+++ Data

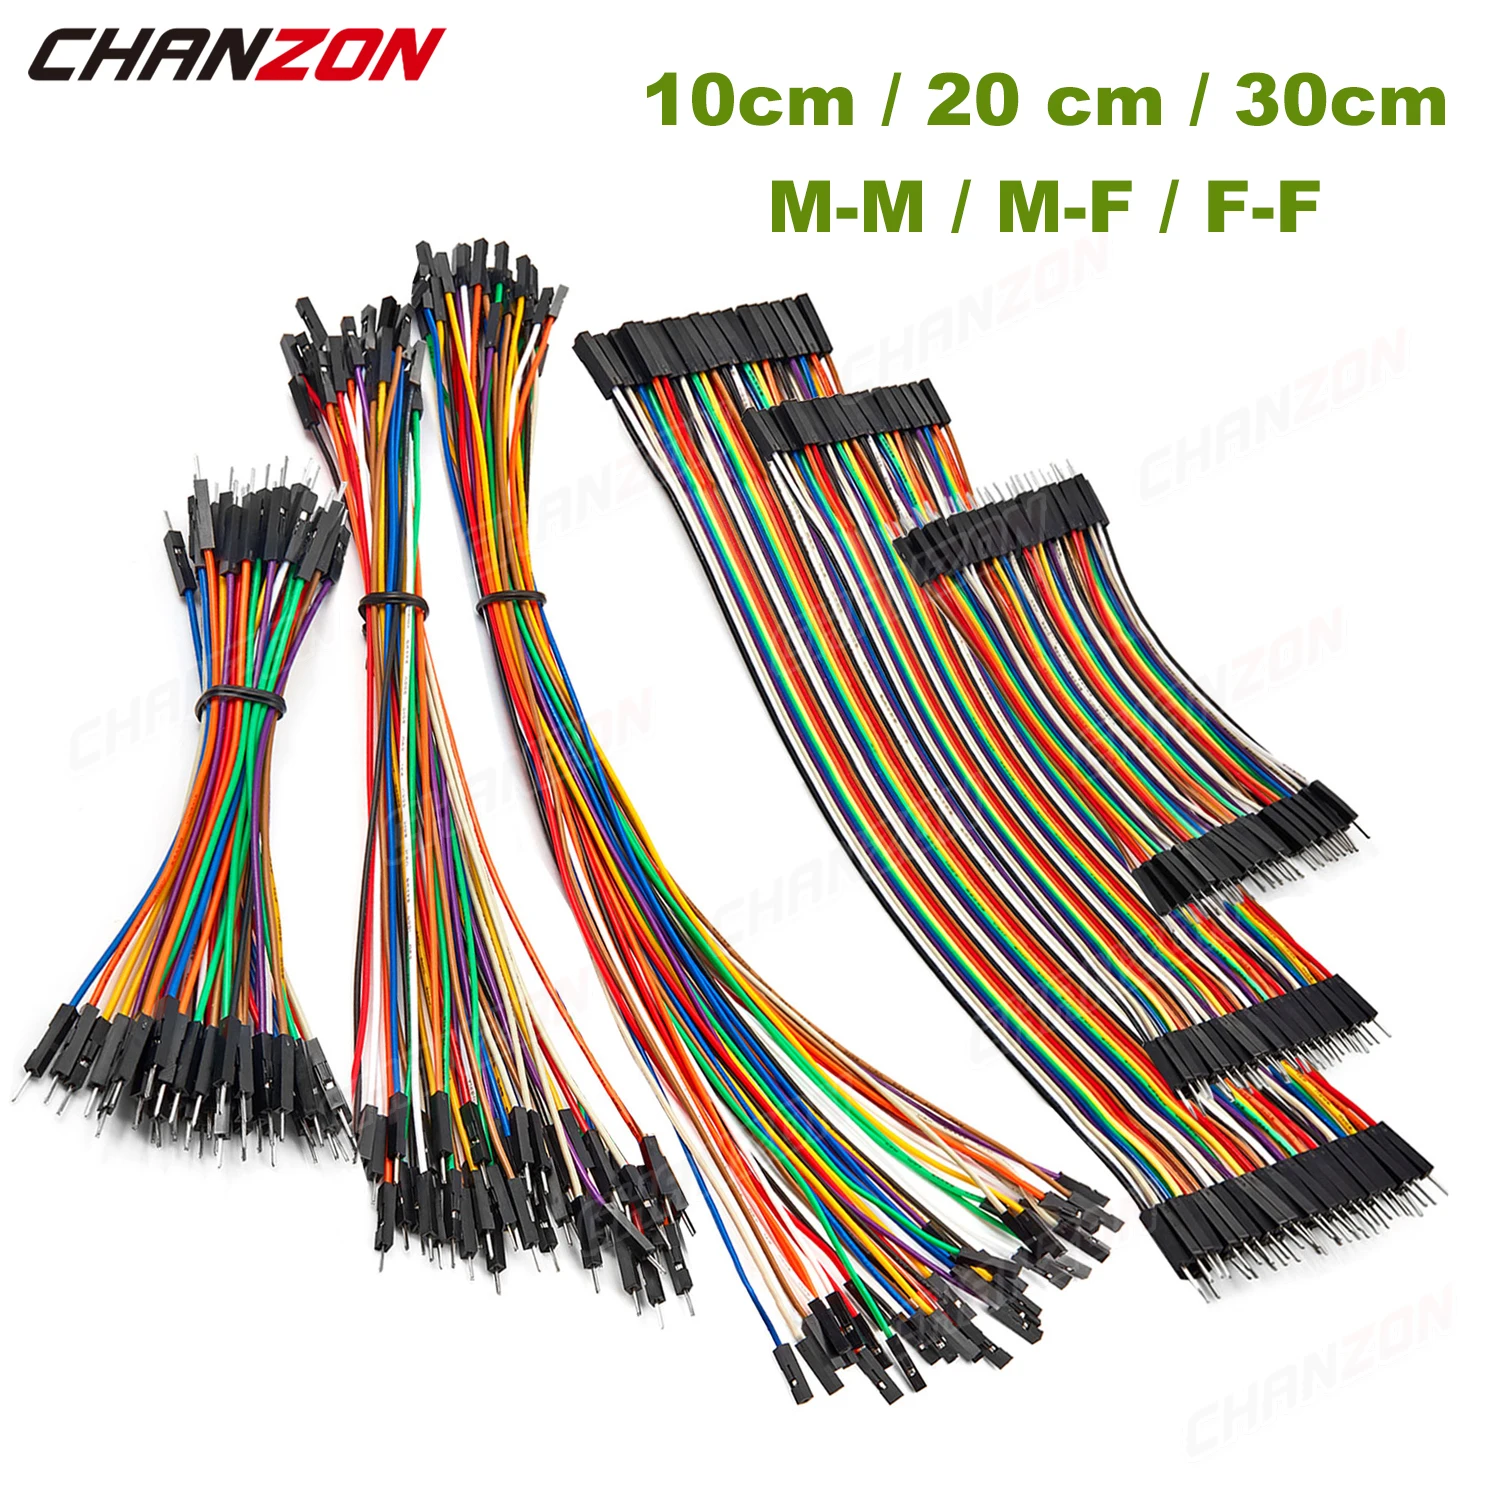 Dupont Cable Ribbon Jumper Wire Kit 10cm 20cm 30cm Male Female 24AWG Copper Line Set for DIY Arduino Breadboard PCB
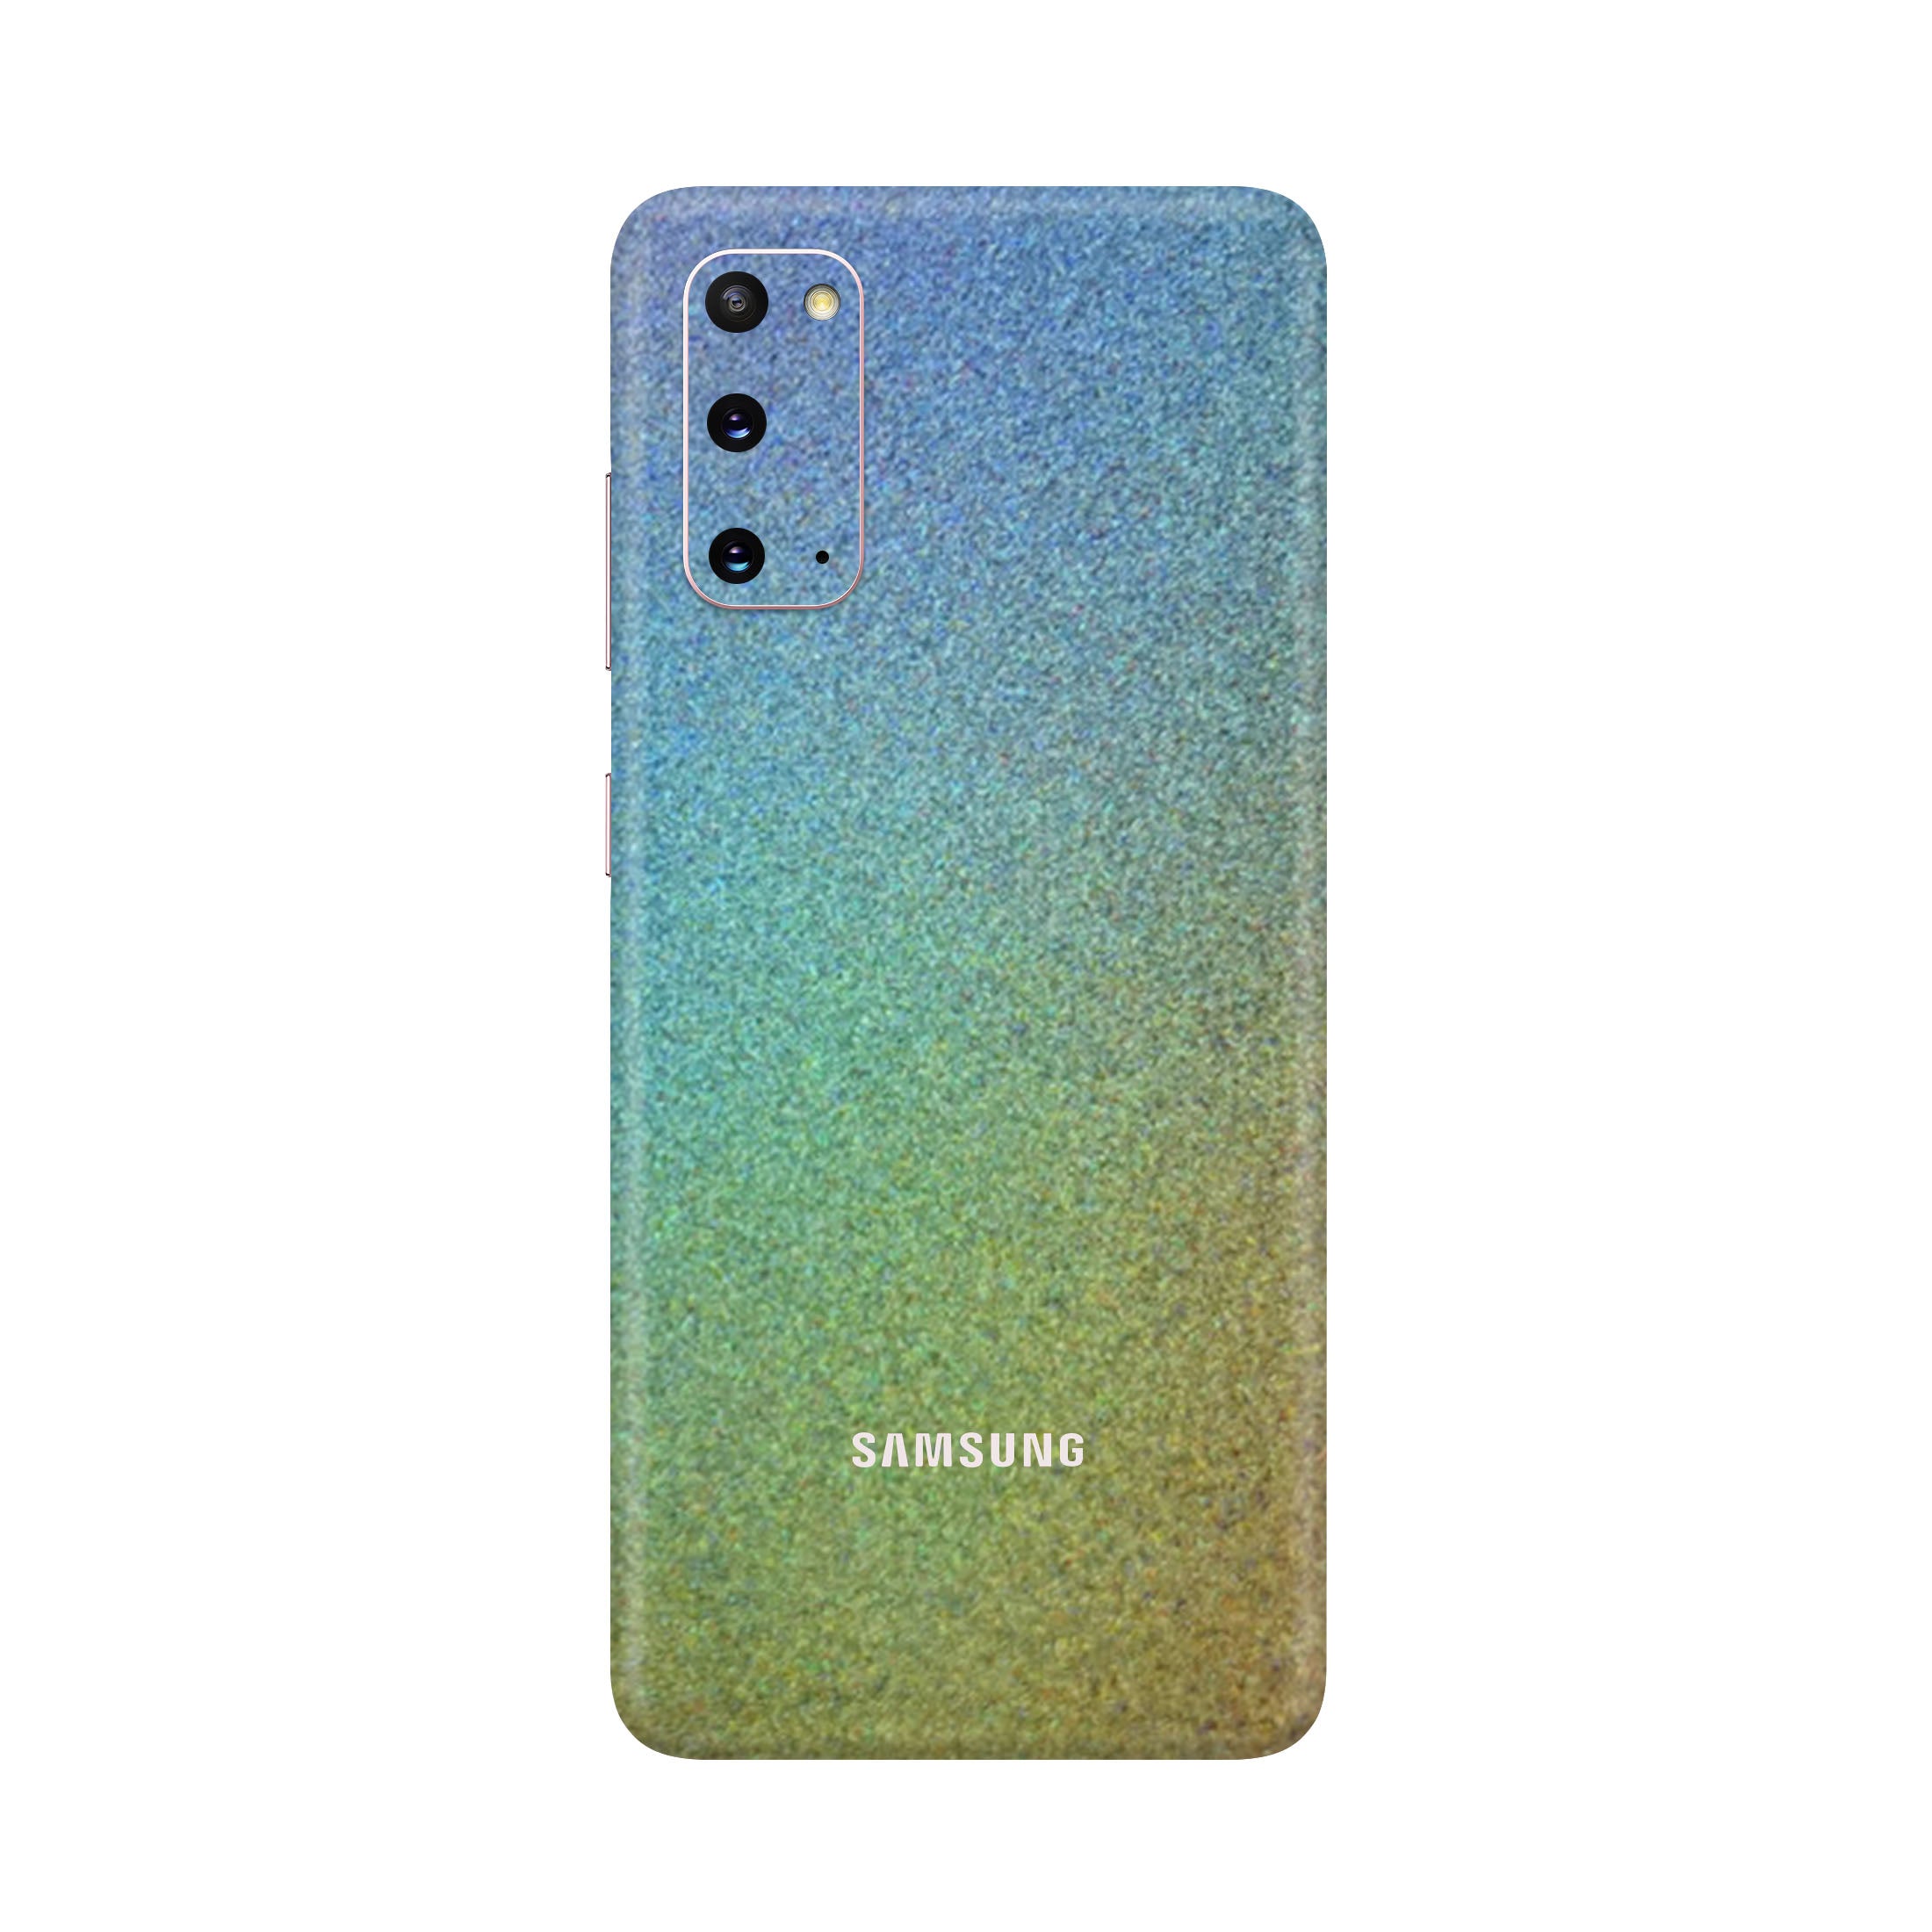 Gloss Flip Psychedelic Skin for Samsung S20 Plus
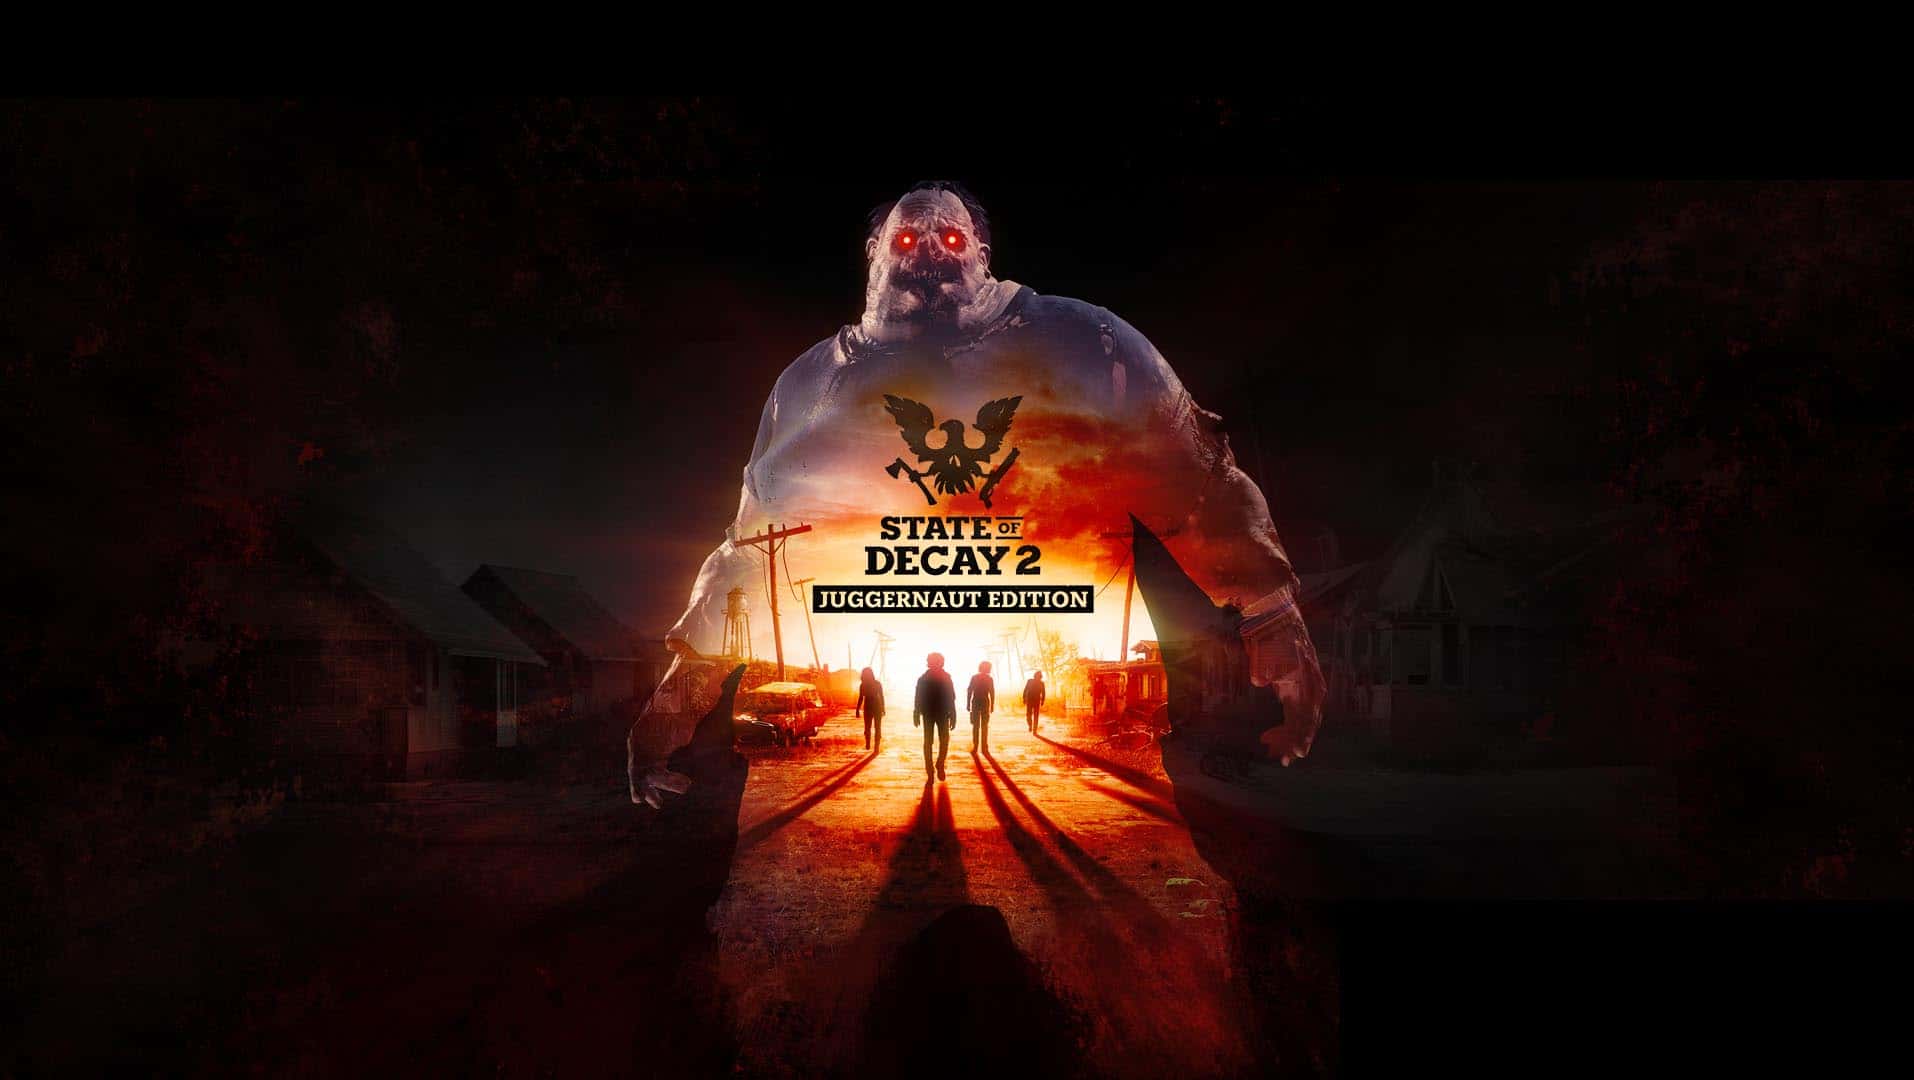 state of decay 2 trainer july 2019

++++++

Directions = Pictures are to be excluded; all other material must be transcribed exactly.

Response =
 Dupont Cable Ribbon Jumper Wire Kit 10cm 20cm 30cm Male Female 24AWG Copper Line Set for DIY Arduino Breadboard PCB
 Gloss Flip Psychedelic Skin for Samsung S20 Plus
 state of decay 2 trainer july 2019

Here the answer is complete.